La filosofia per chi non ha la fede. Papa Ratzinger e il discorso di Regensburg

E qual è, a questo punto, l’approccio alla filosofia di chi ha la fortuna di avere una fede? Pare che sia ormai rimasto deserto il crocevia di Sant’Anselmo, nel quale si incontravano l’”intellectus quaerens fidem” e la “fides quaerens intellectum”. L’intelletto moderno ha dissolto l’idea che la ricerca filosofica possa avviare all’incontro con la fede, magari ripercorrendo la via ontologica di Sant’Anselmo stesso o avviandosi per una delle le cinque vie che San Tommaso ha tracciato per arrivare alla dimostrazione dell’esistenza di Dio.

Il credente a sua volta ha introiettato la sfiducia nella ragione. Il  discorso tenuto nell’Aula Magna dell’Università di Regensburg il 12 settembre del 2006 da Papa Ratzinger segnala con preoccupazione il processo di “de-ellenizzazione” del cristianesimo, in forza del quale si tende a spaccare la sintesi tra fede biblica e interrogazione filosofica del pensiero greco.

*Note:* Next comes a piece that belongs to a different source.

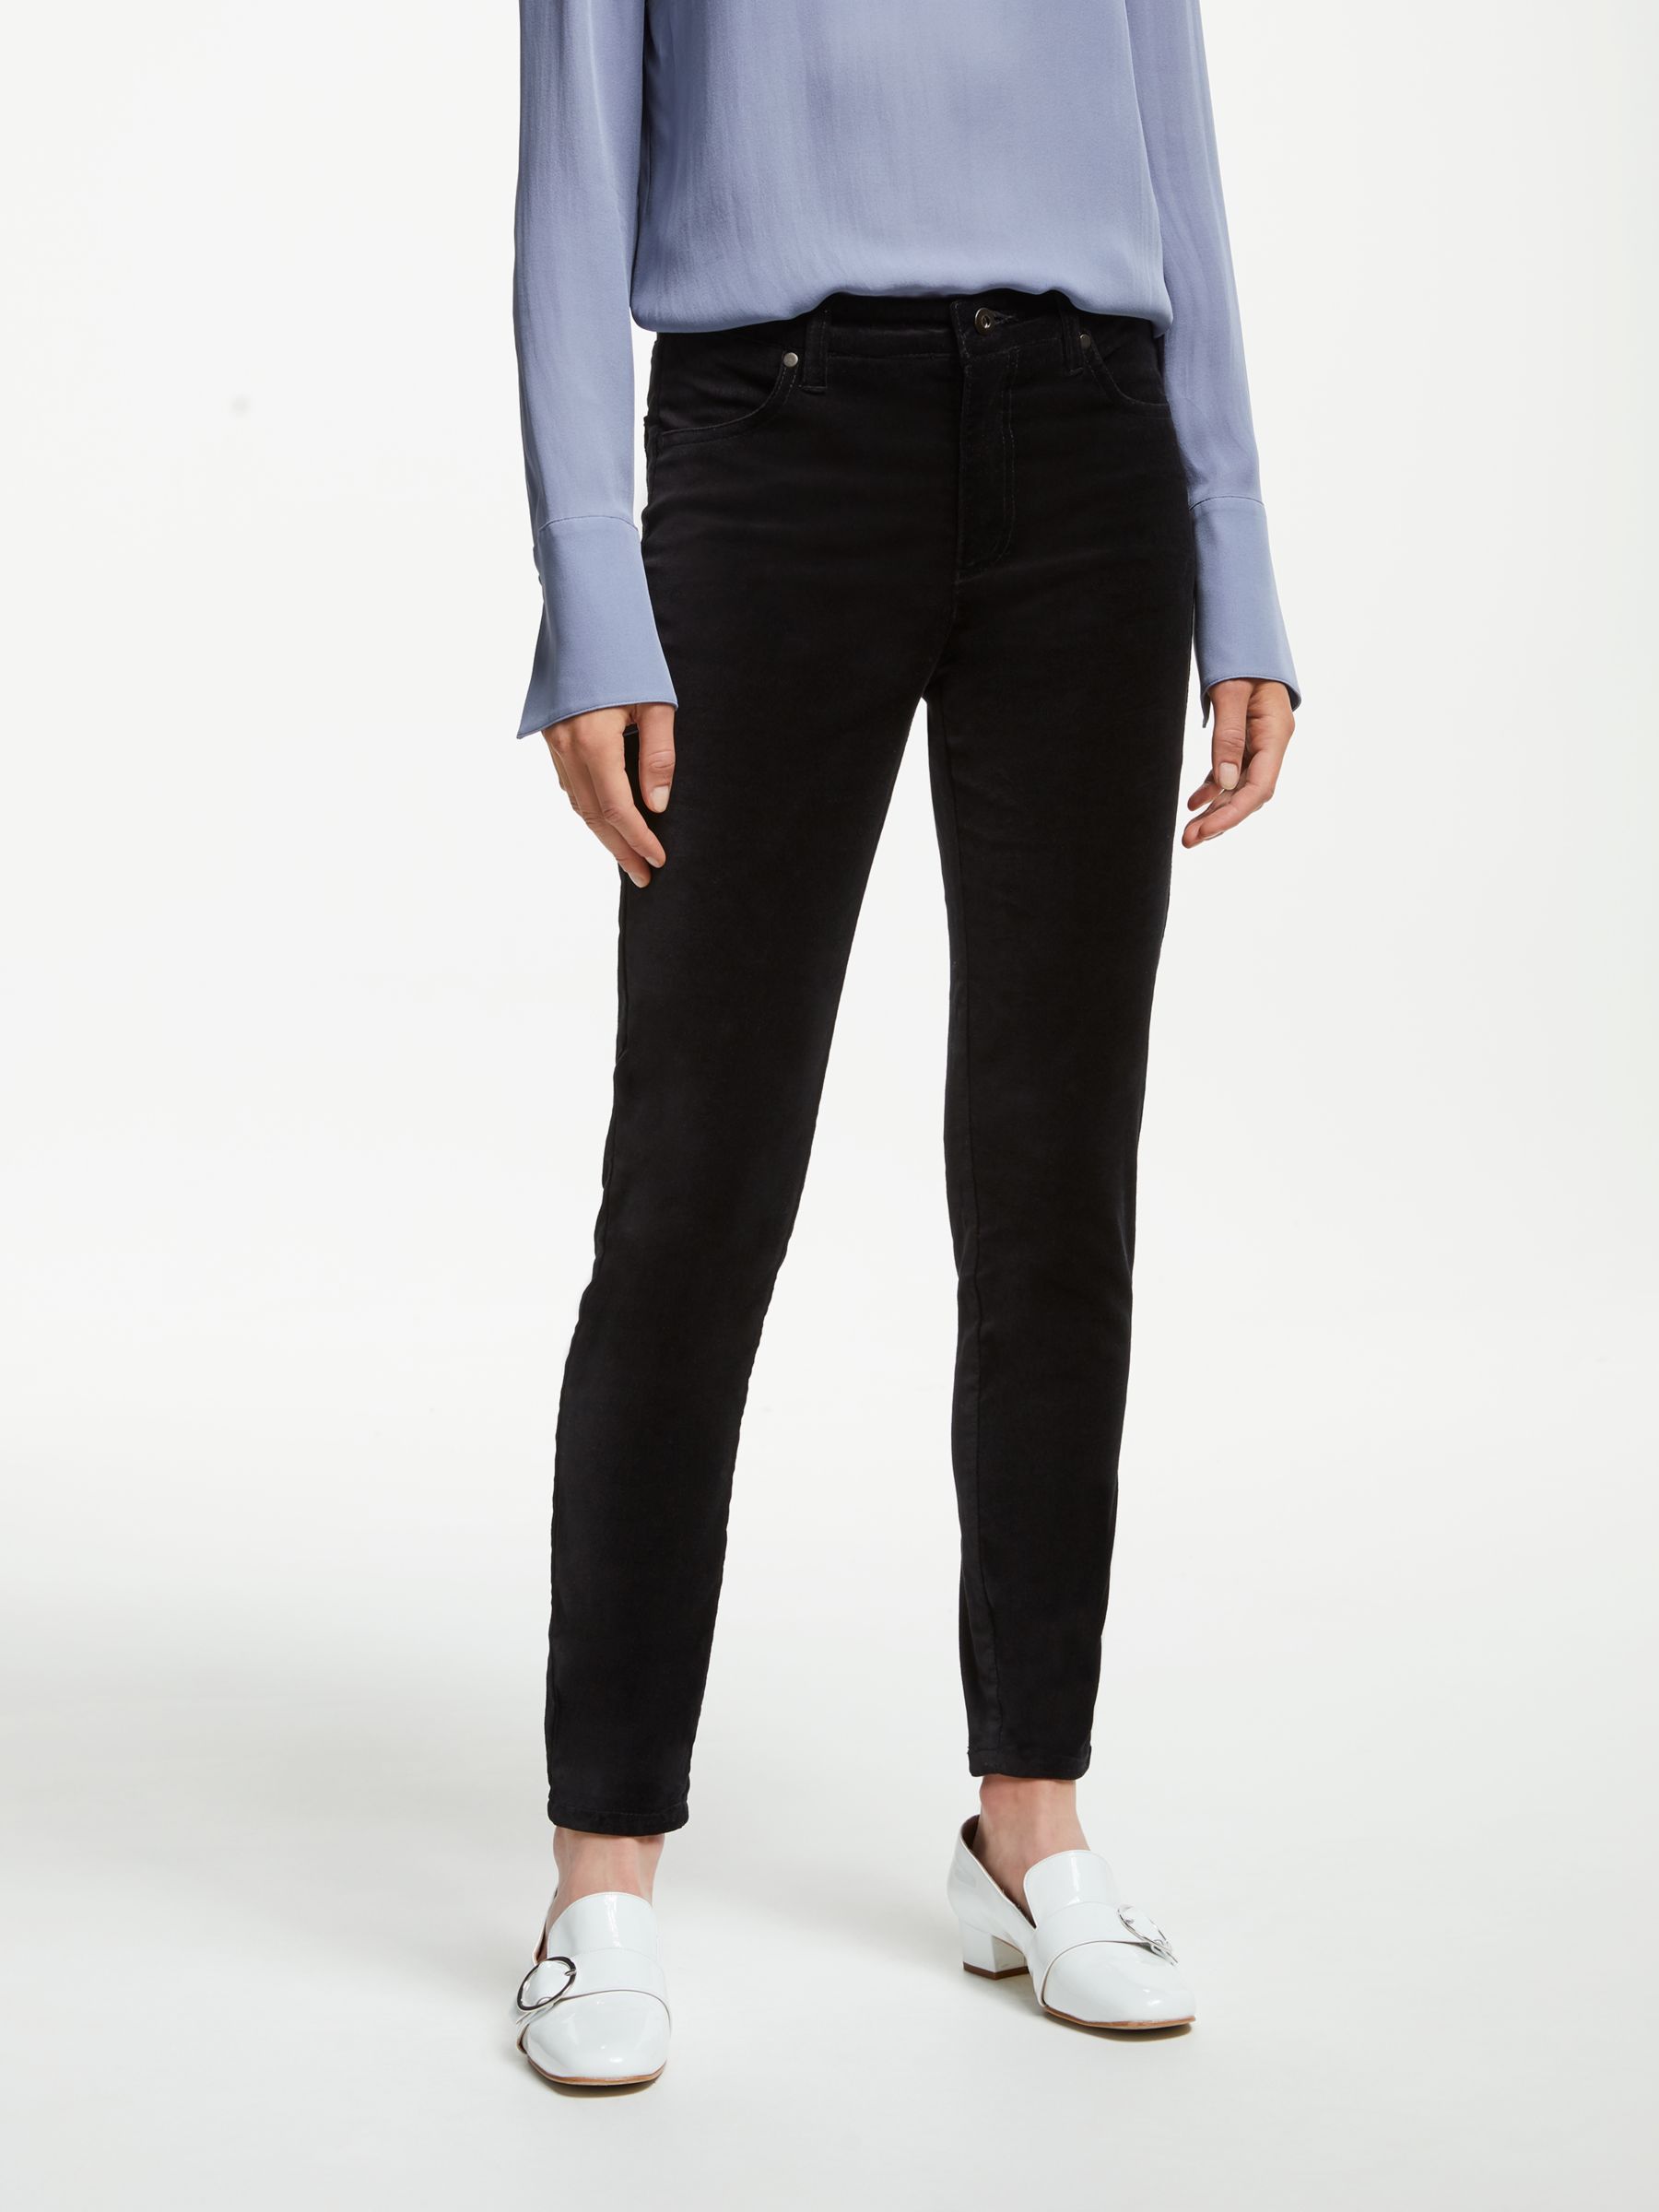 John Lewis & Partners Velvet Skinny Jeans | Black at John Lewis & Partners

Processo avvenuto per tre ondate successive: quella della Riforma, con la sua idea della “sola Scriptura; quella della teologia liberale di Harnack, che, avendo alle spalle la sintesi kantiana tra platonismo cartesiano ed empirismo, riduce la ragione alla sola dimensione scientifico-matematica e, pertanto, confina il Cristianesimo nell’ambito della pura ragion pratica, cioè dell’etica.

La terza ondata è quella del multiculturalismo, che confina il Logos greco nell’ambito delle inculturazioni possibili e contingenti del messaggio di Cristo. Se i cristiani, sembra dire Papa Ratzinger, accettano la limitazione autodecretata della ragione, quale teorizzata in Kant, allora lo spazio della fede resta fuori dalla ragione. E la religione diviene una sorta di “platonismo per il popolo”, come aveva sentenziato Friedrich Nietzsche.

Così tanto la ragione quanto la religione sono rispettivamente esposte alle patologie pericolose dell’escatologia dell’imminente delle  varie forme di messianismo laico e del fondamentalismo. Se, viceversa, la ragione conserva la sua ampiezza di orizzonti e, insieme, la consapevolezza della propria finitudine, allora il crocevia di Sant’Anselmo  può tornare ad essere frequentato.